Assigned task:
Could you repeat the whole listing below exactly, omitting any picture it holds?

Given information:
******

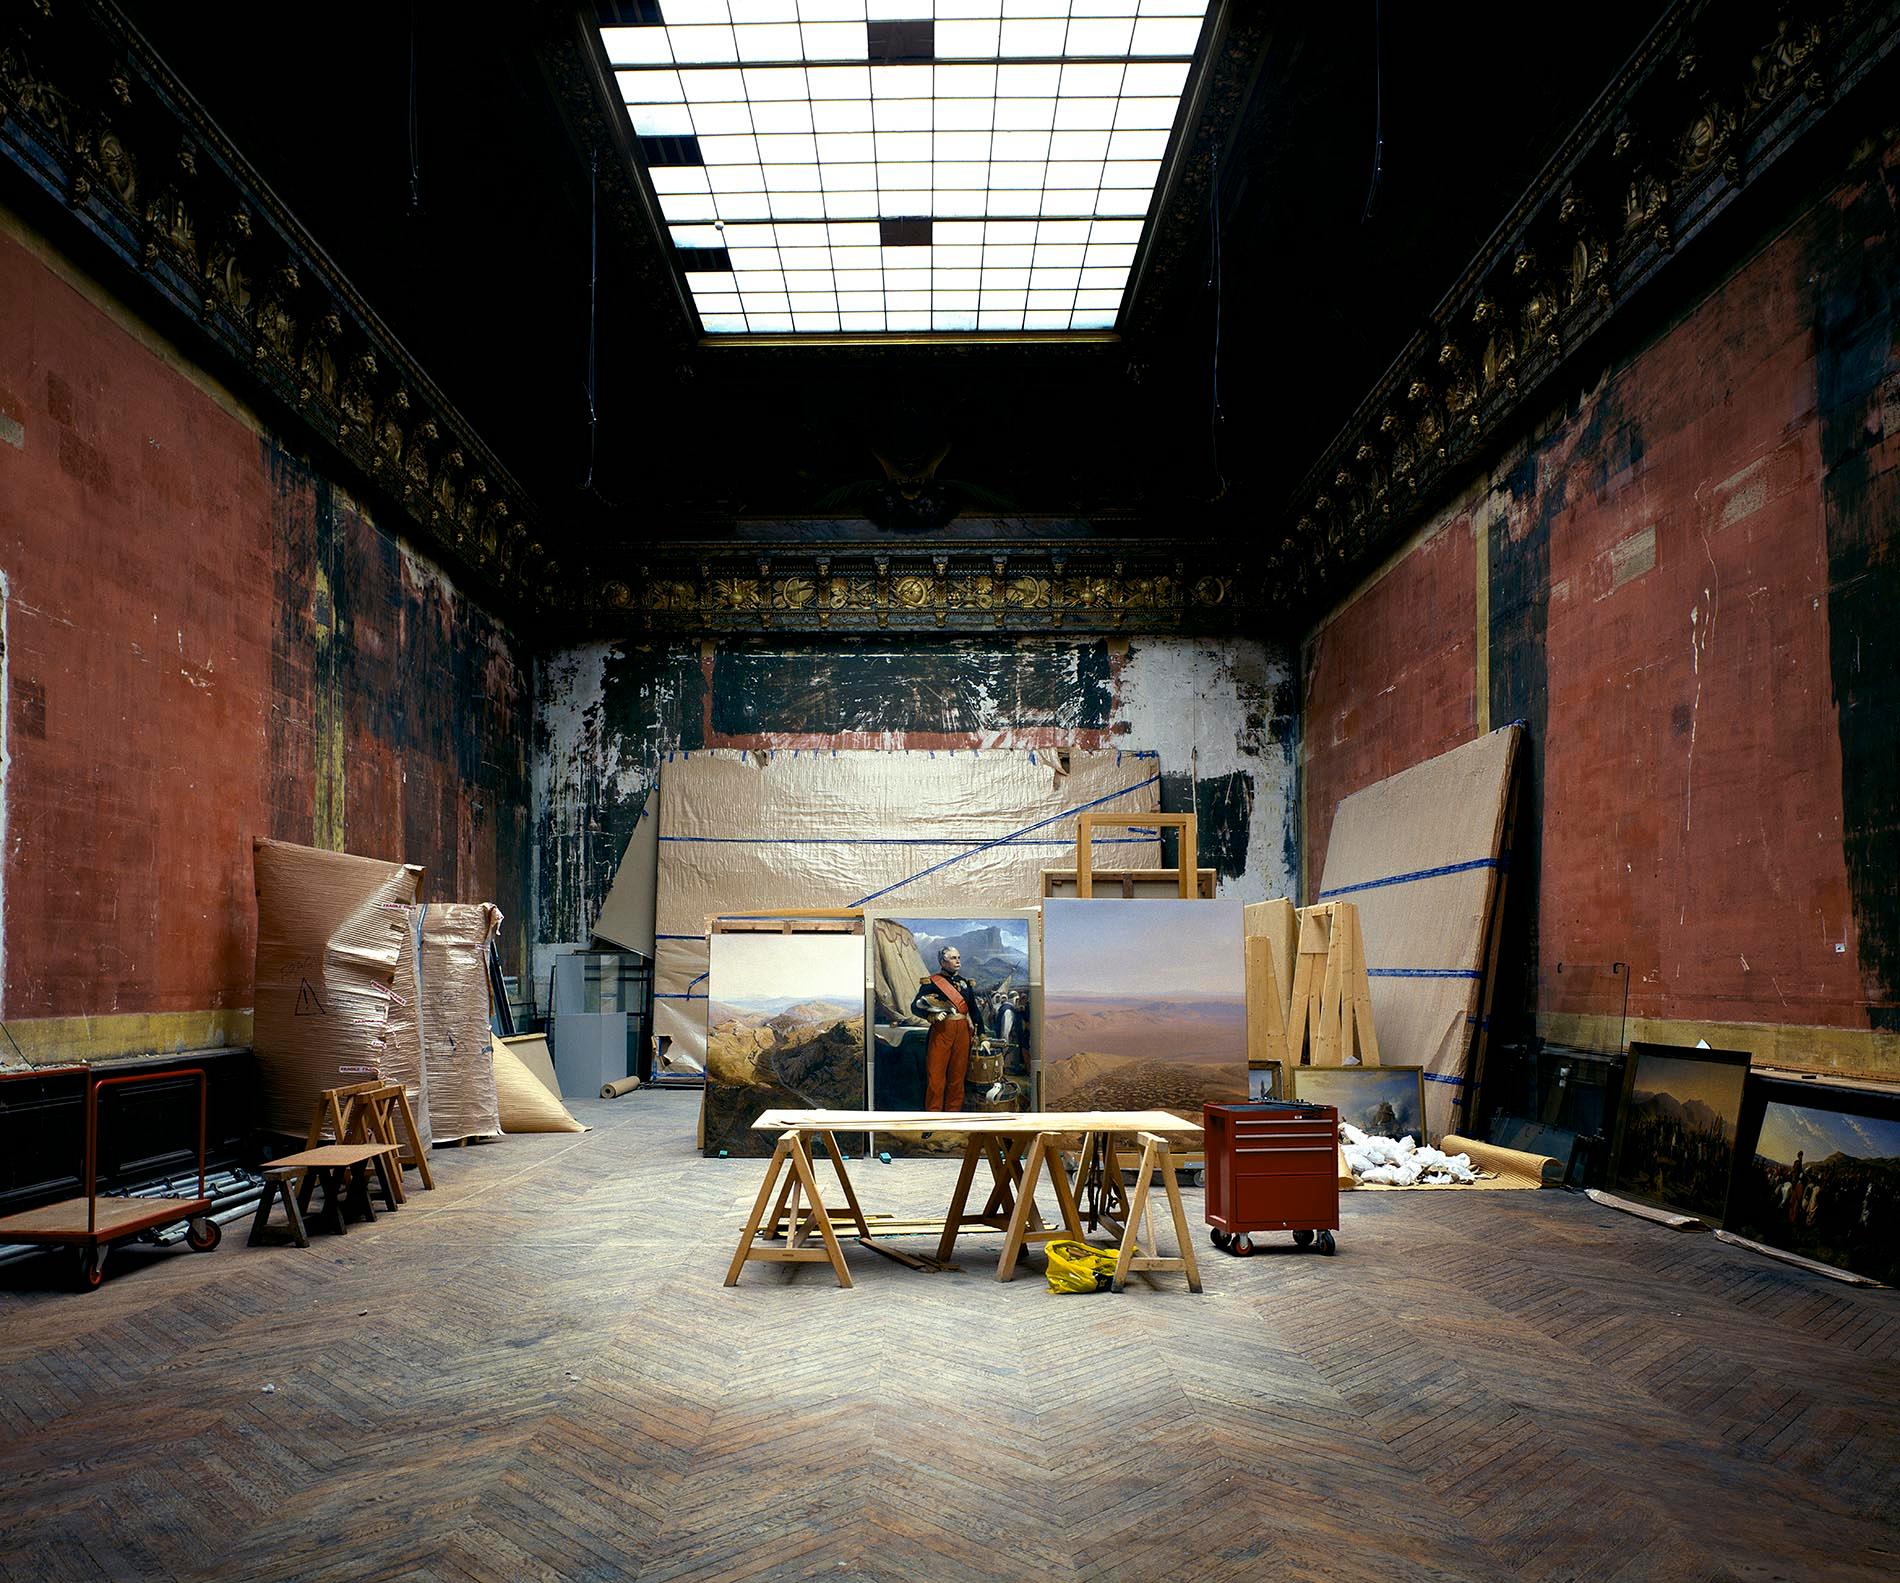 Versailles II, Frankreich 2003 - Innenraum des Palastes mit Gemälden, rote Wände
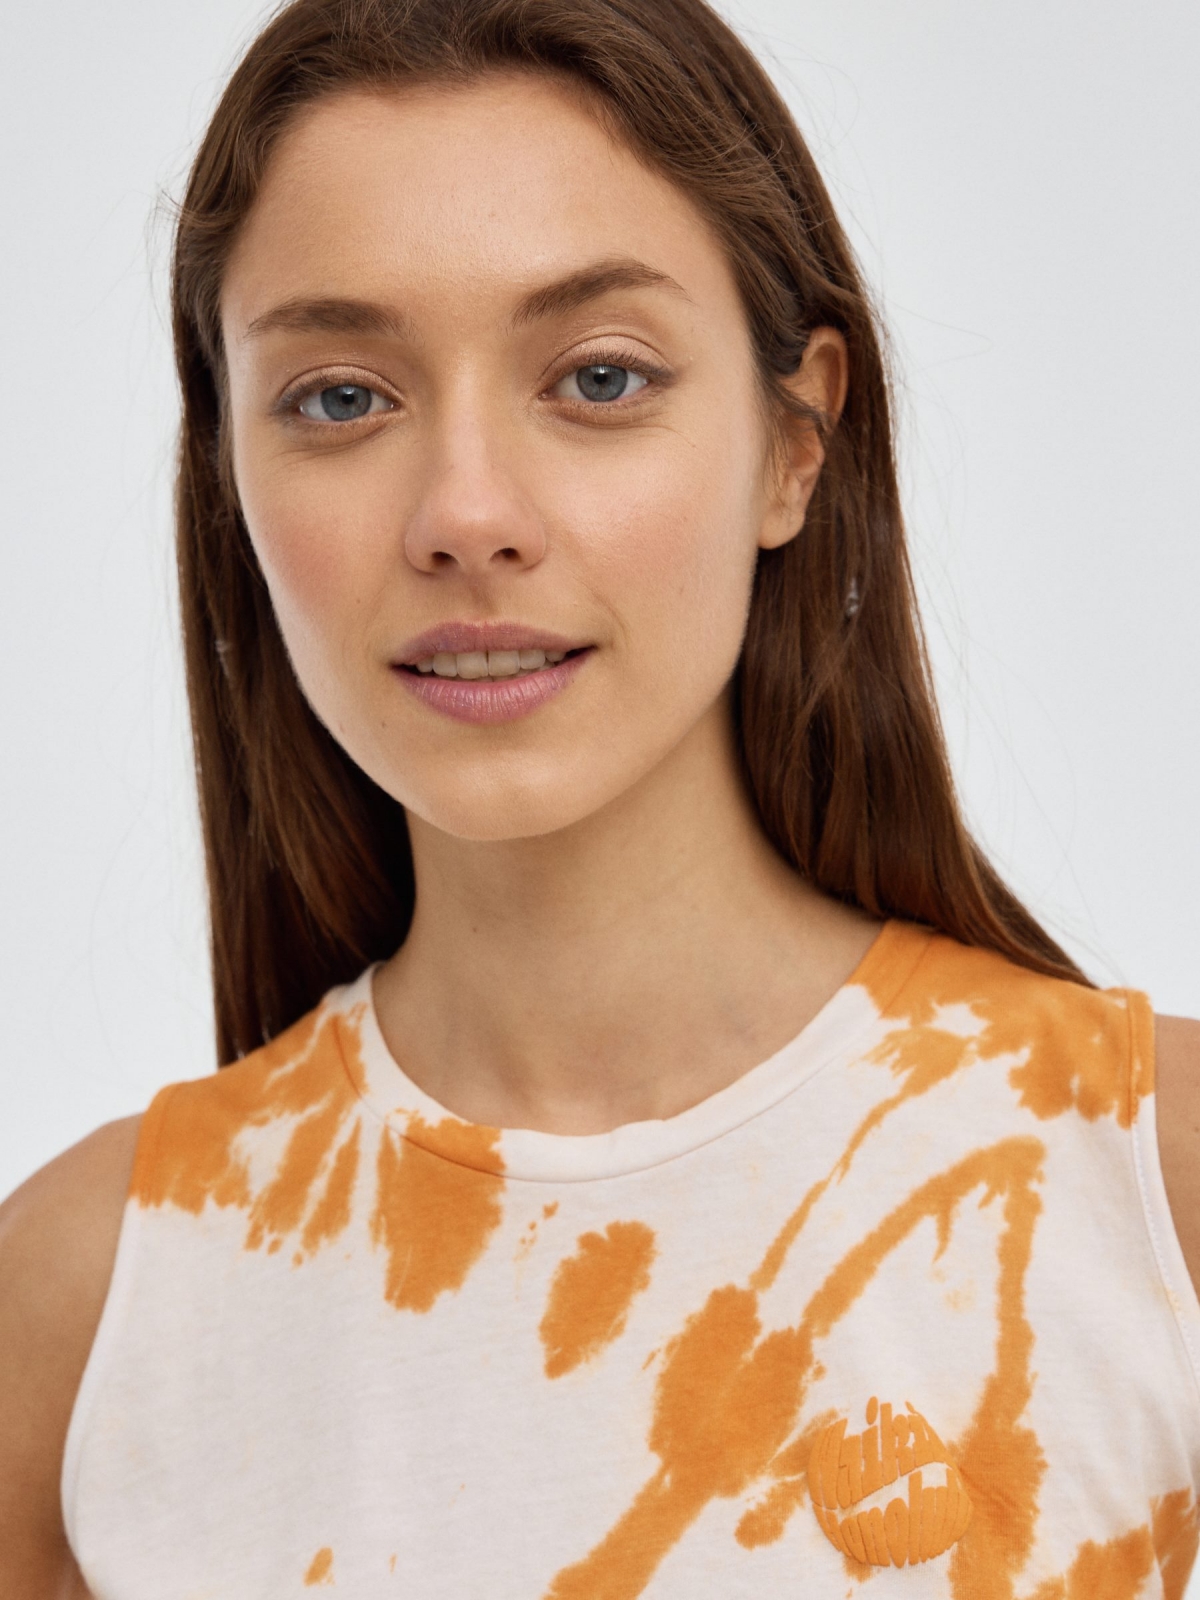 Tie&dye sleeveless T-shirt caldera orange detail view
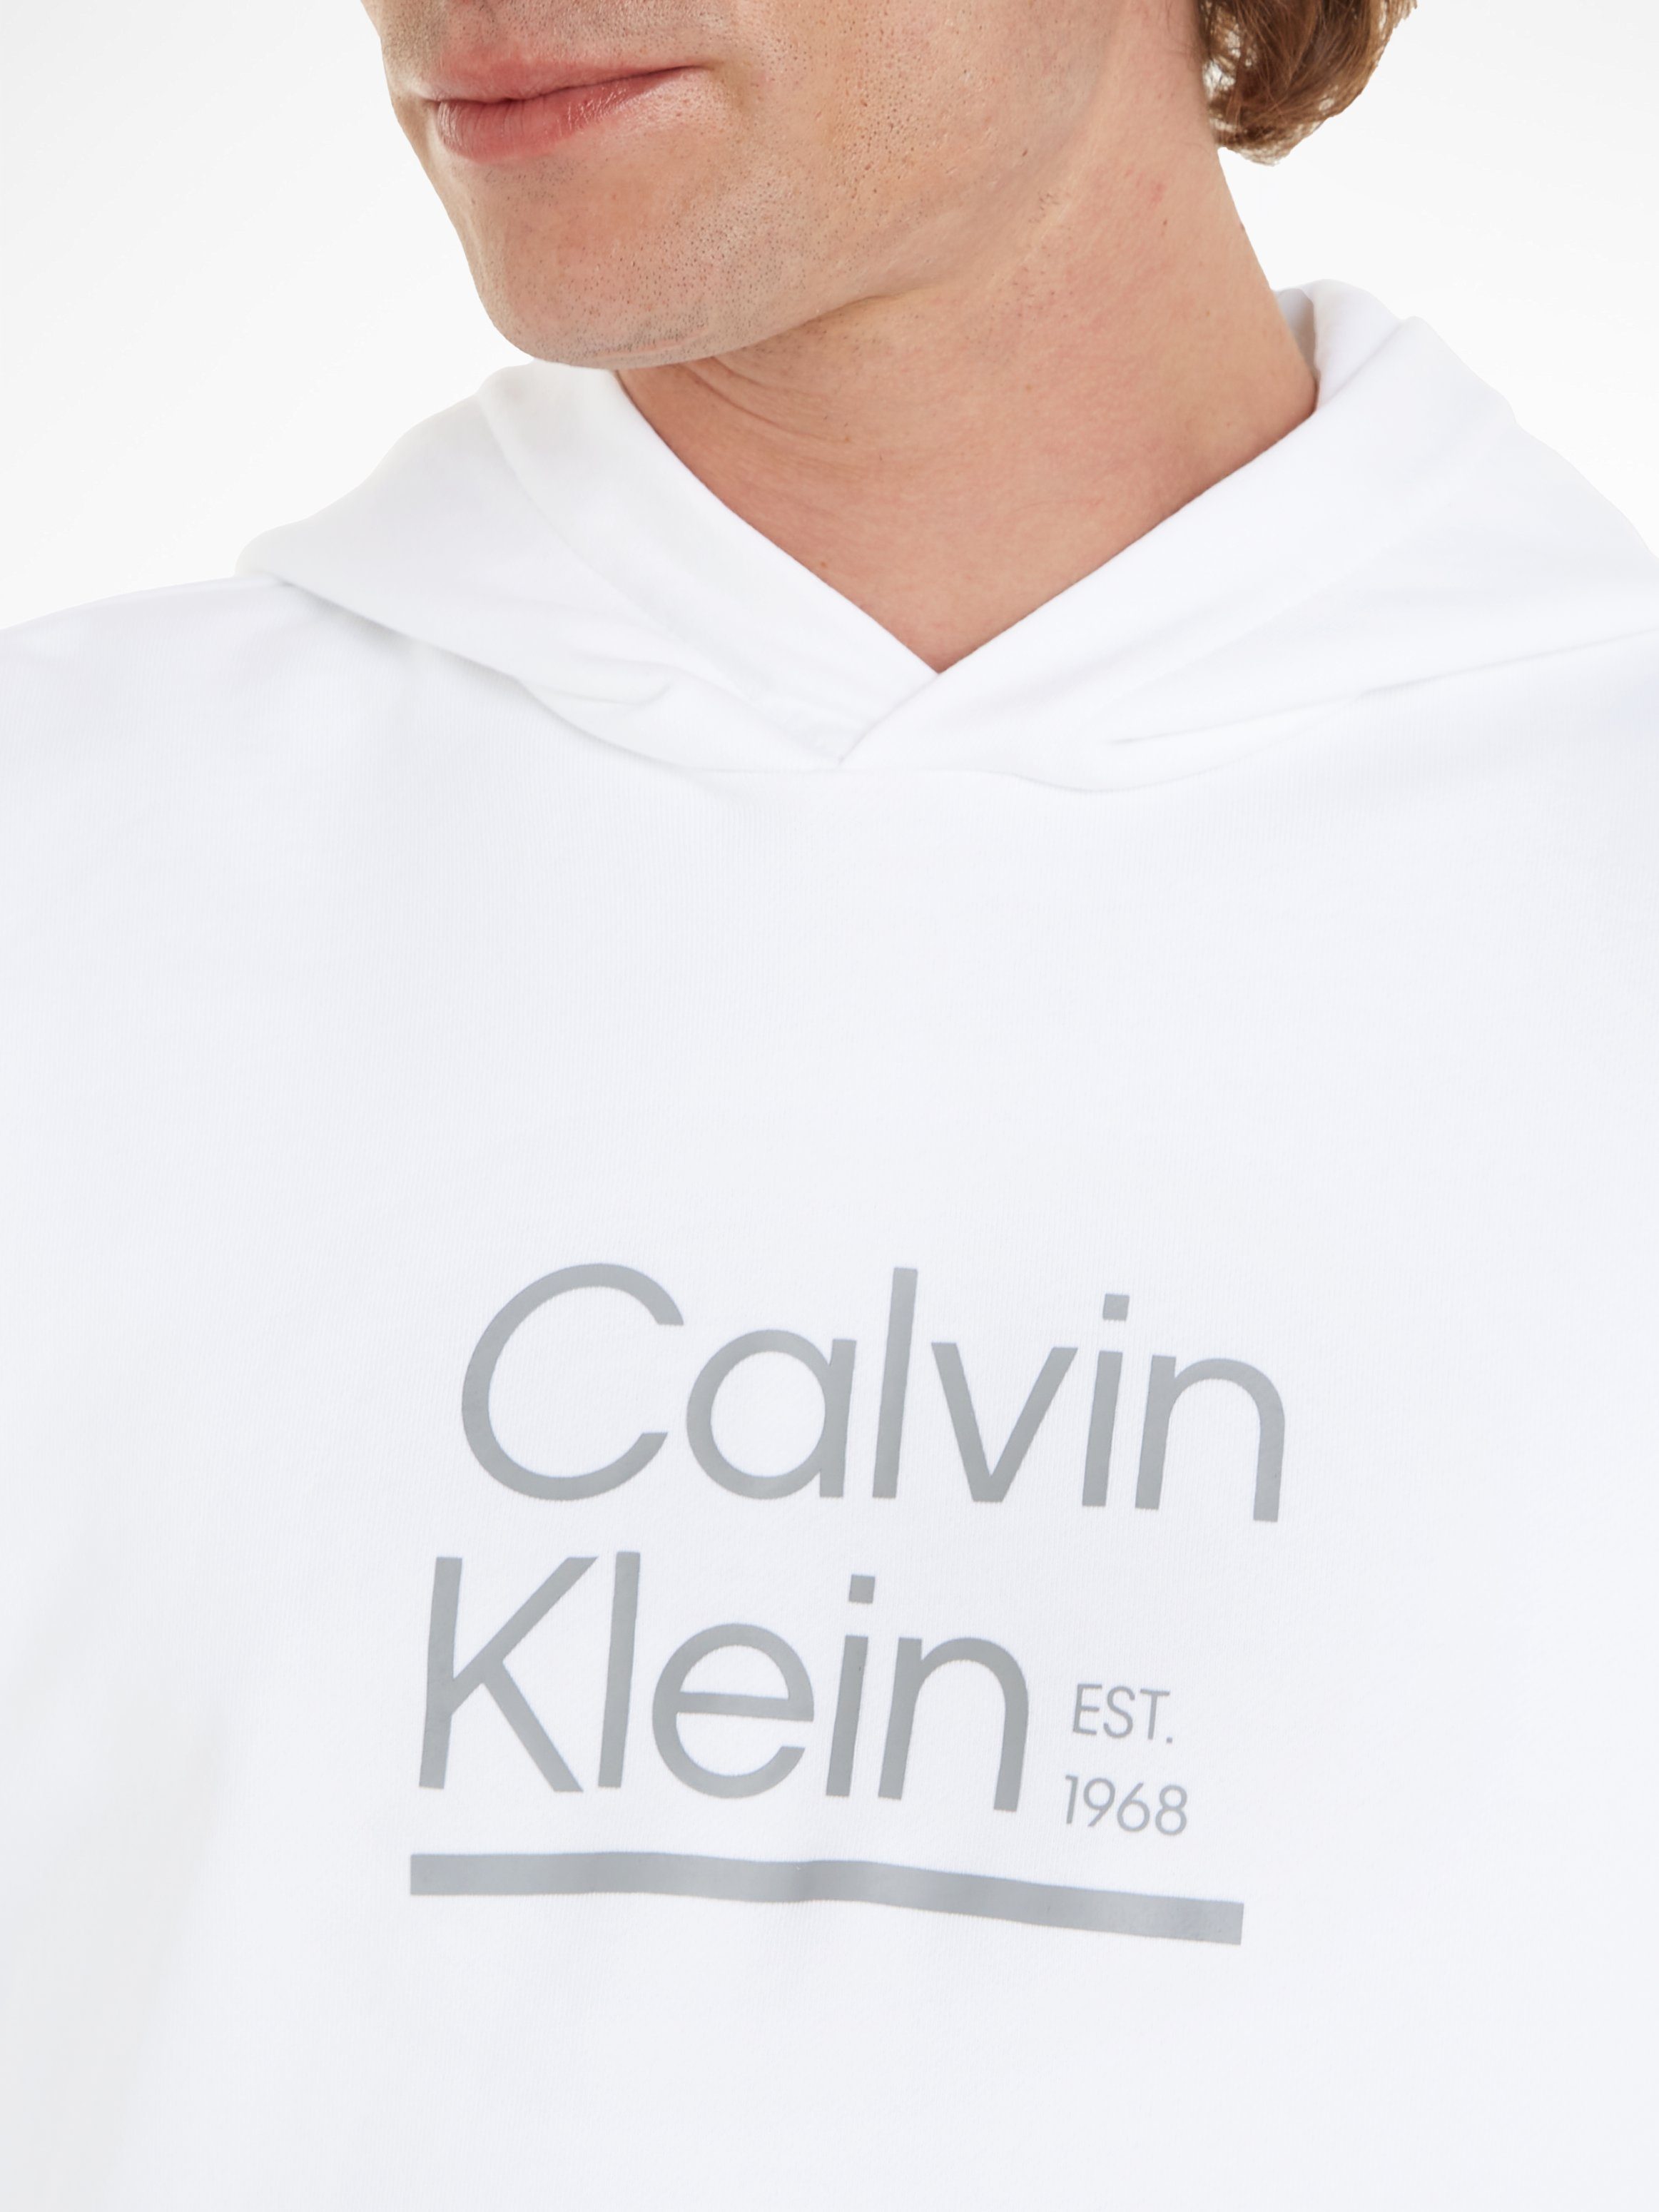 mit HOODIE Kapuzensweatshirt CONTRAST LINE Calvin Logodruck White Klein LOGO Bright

******

Exercise response:
 Versailles II, Frankreich 2003 - Innenraum des Palastes mit Gemälden, rote Wände
 Tie&dye sleeveless T-shirt caldera orange detail view
 mit HOODIE Kapuzensweatshirt CONTRAST LINE Calvin Logodruck White Klein LOGO Bright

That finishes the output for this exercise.